_EXERCISE INPUT:_
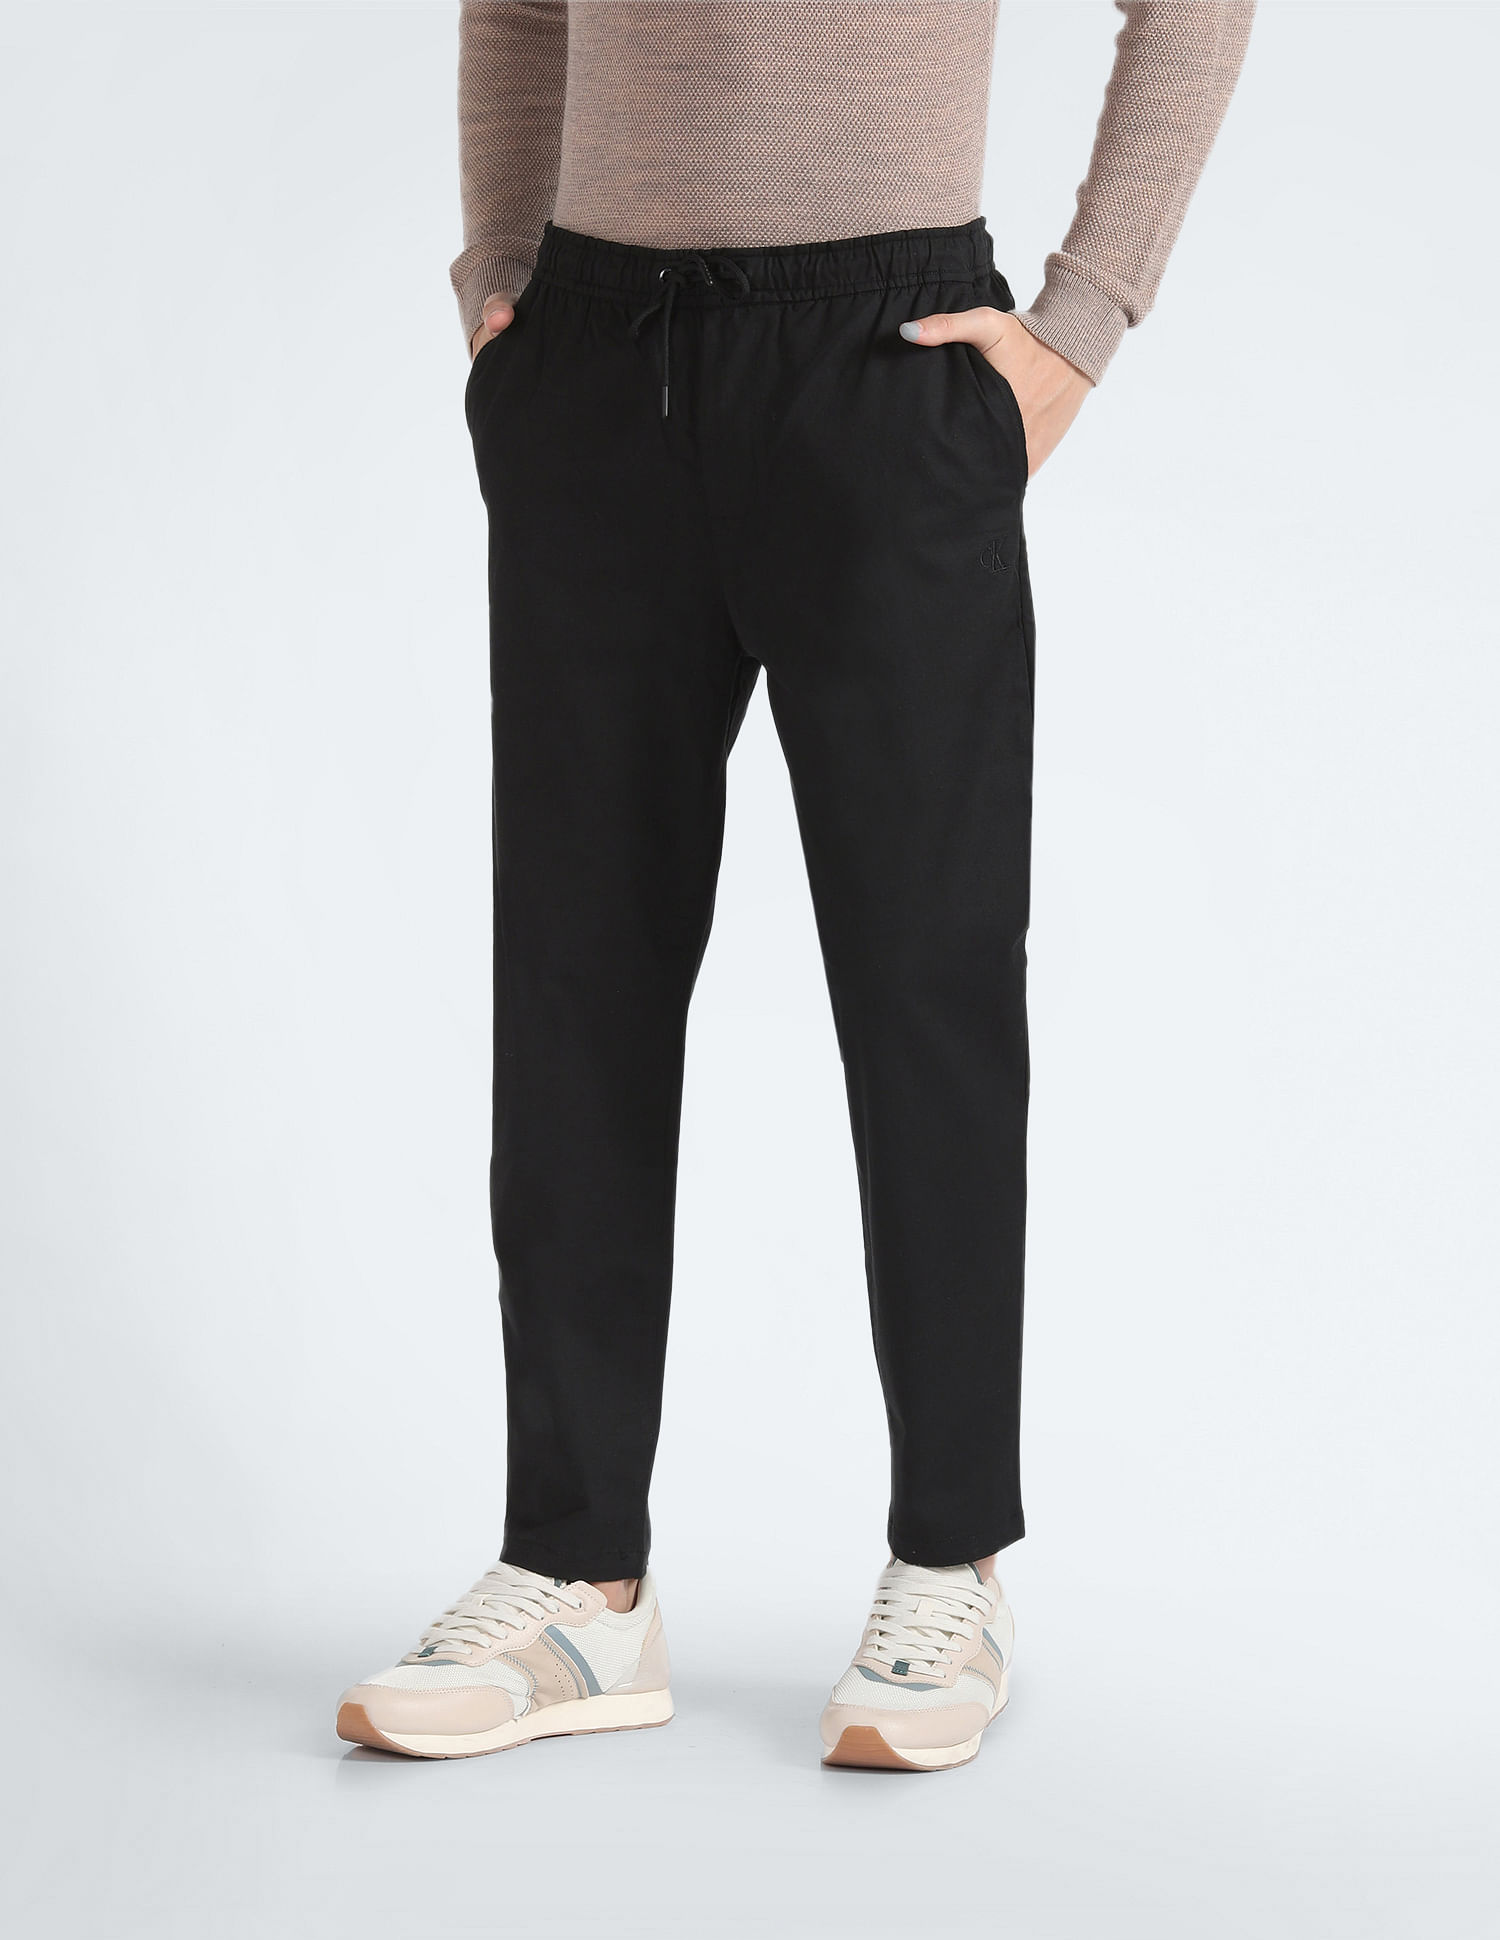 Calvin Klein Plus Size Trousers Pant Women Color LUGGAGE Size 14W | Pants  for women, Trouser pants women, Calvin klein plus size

---

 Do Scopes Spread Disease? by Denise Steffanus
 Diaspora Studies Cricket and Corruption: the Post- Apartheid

--

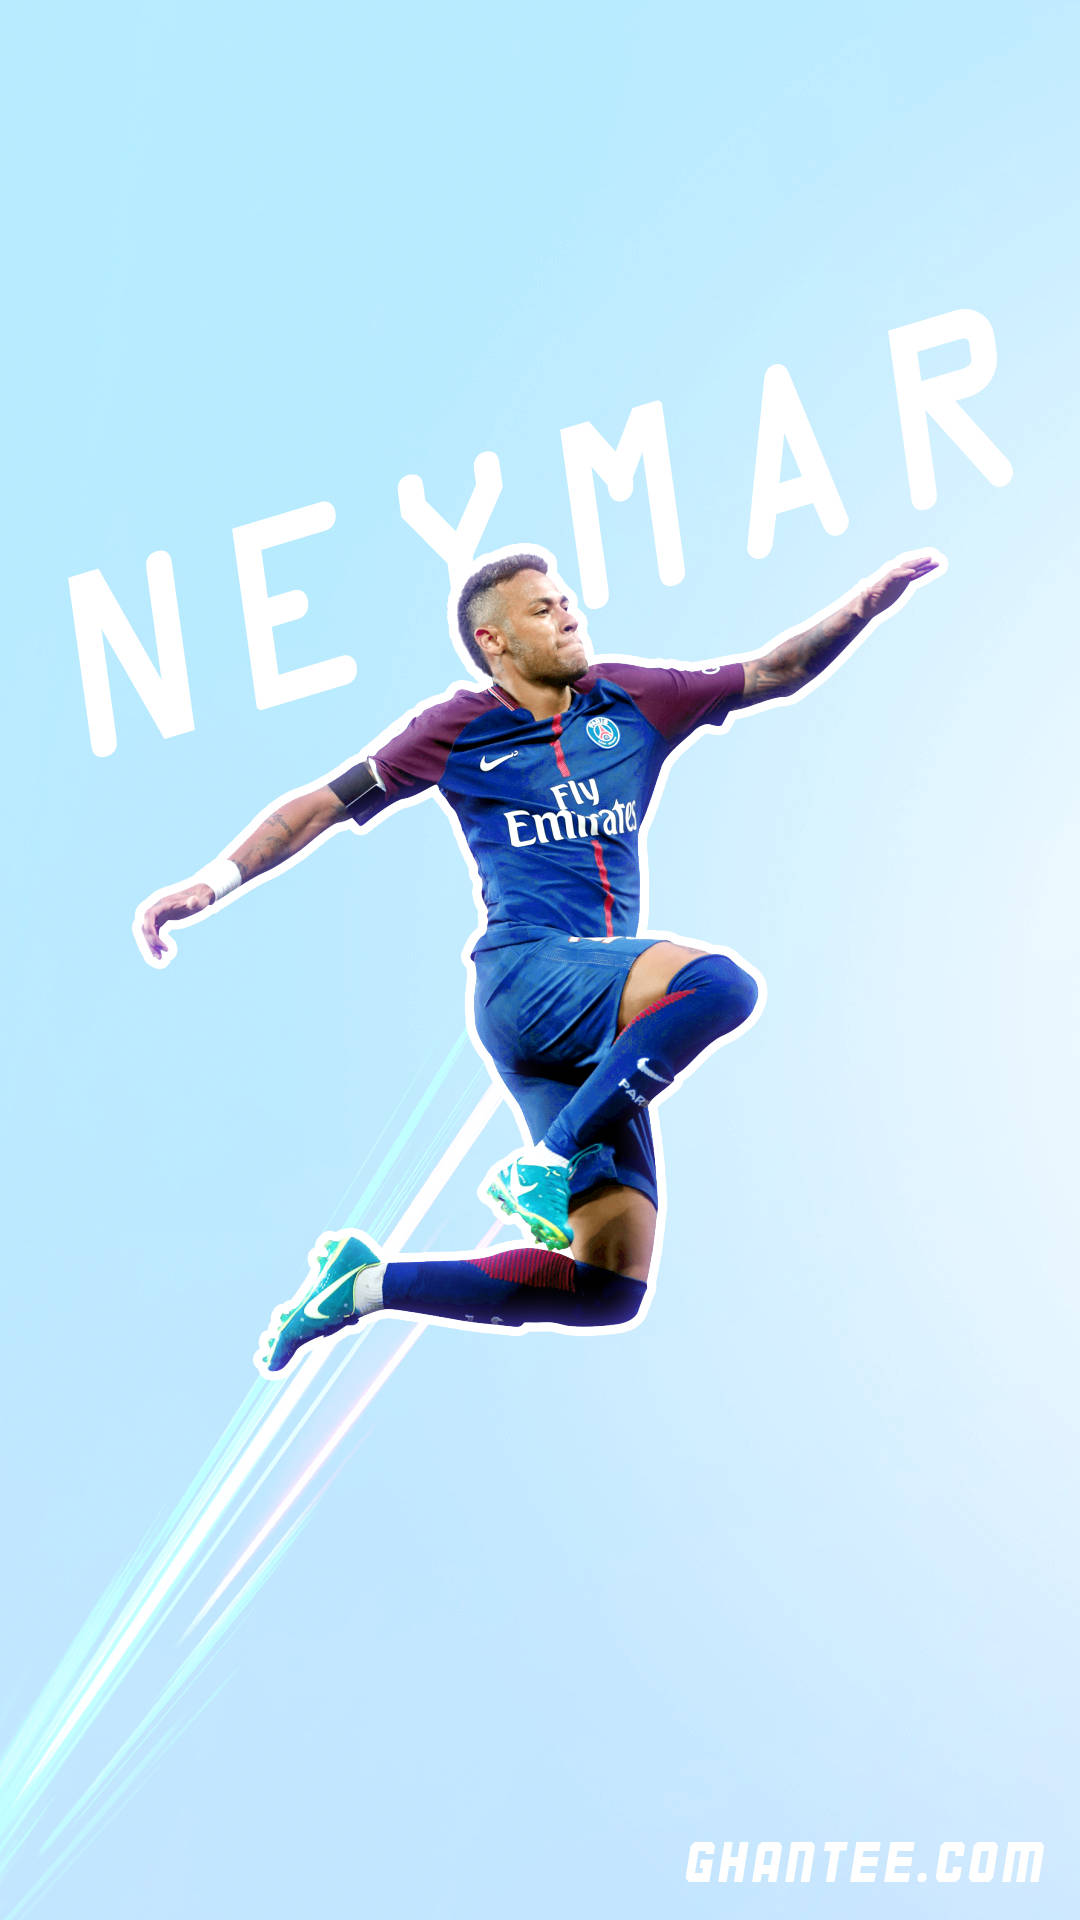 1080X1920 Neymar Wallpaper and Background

_TASK ITEM:_ Your answer should be the exact lines above from the one with "Do Scopes Spread" through the one with "Diaspora Studies Cricket", both included, and nothing besides.

_WRITTEN REPLY:_
 Do Scopes Spread Disease? by Denise Steffanus
 Diaspora Studies Cricket and Corruption: the Post- Apartheid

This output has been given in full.